DEIB-GECO / GMQL

GMQL - GenoMetric Query Language
http://www.bioinformatics.deib.polimi.it/geco/
Apache License 2.0
18 stars 11 forks source link

SemiJoin through LEFT_DISTINCT and RIGHT_DISTINCT and BOTH #53

Closed marcomass closed 6 years ago

marcomass commented 7 years ago

Define and implement SEMIJOIN. [In V1, the modifier project_*_distinct was available to be used with left / right modifiers to eliminate the artifacts regions generated by the JOIN when used with left and right as semijoin. Such modifiers are not available in V2, where artifact regions cannot be eliminated (the workaround of using MAP + SELECT can work only in the case of distance < 0)]

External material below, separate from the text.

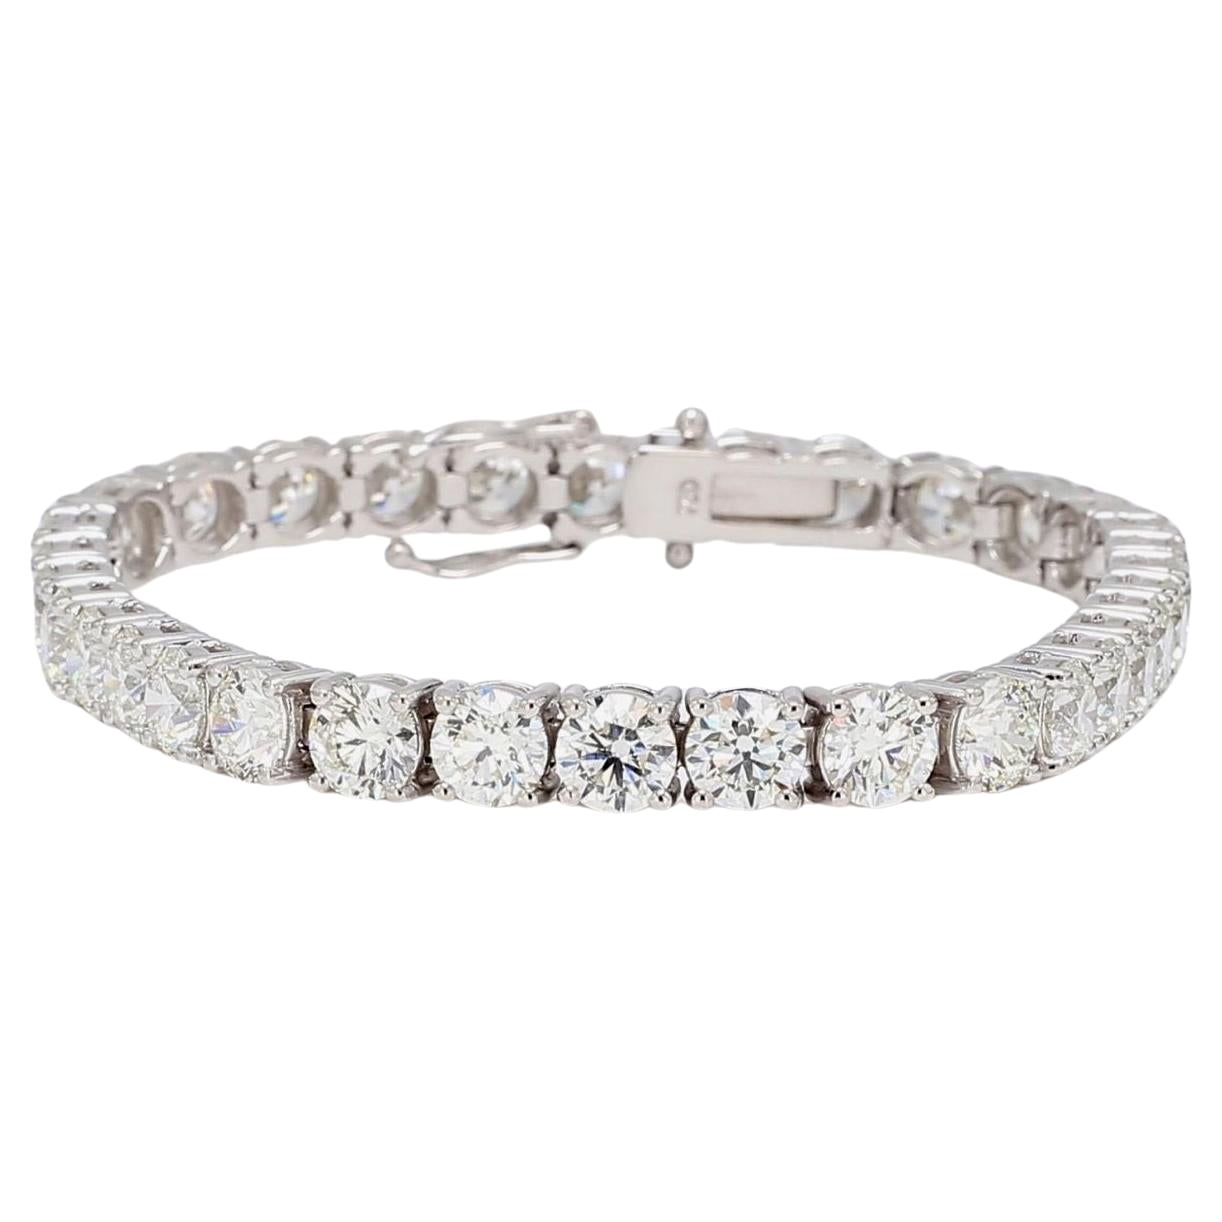 Bracelet de tennis certifié GIA de 11 carats de diamants ronds taillés en brillant

akaitoua commented 7 years ago

@marcomass, I need an example and data if possible.

akaitoua commented 7 years ago

implemented. LEFT_DISTINCT, RIGHT_DISTINCT

marcomass commented 7 years ago

Unfortunately I need to reopen this issue since there are several aspects to fix for LEFT_DISTINCT and RIGHT_DISTINCT @pp86

@akaitoua

You can use the following query for testing: PROM = SELECT(annotation_type == "promoter") HG19_BED_ANNOTATION; TSS = SELECT(annotation_type == "TSS") HG19_BED_ANNOTATION; PROM_TSS = JOIN(DL(0); output: LEFT) PROM TSS; MATERIALIZE PROM_TSS INTO PROM_TSS; TSS_PROM = JOIN(DL(0); output: RIGHT) PROM TSS; MATERIALIZE TSS_PROM INTO TSS_PROM;

PROM_TSSd = JOIN(DL(0); output: LEFT_DISTINCT) PROM TSS; MATERIALIZE PROM_TSSd INTO PROM_TSSd; TSS_PROMd = JOIN(DL(0); output: RIGHT_DISTINCT) PROM TSS; MATERIALIZE TSS_PROMd INTO TSS_PROMd;

PROM_TSSboth = JOIN(DL(0); output: BOTH) PROM TSS; MATERIALIZE PROM_TSSboth INTO PROM_TSSboth;

akaitoua commented 7 years ago

@marcomass, I added the functionality to consider left metadata when left_distinct is selected and for the right_distinct we leave the right one.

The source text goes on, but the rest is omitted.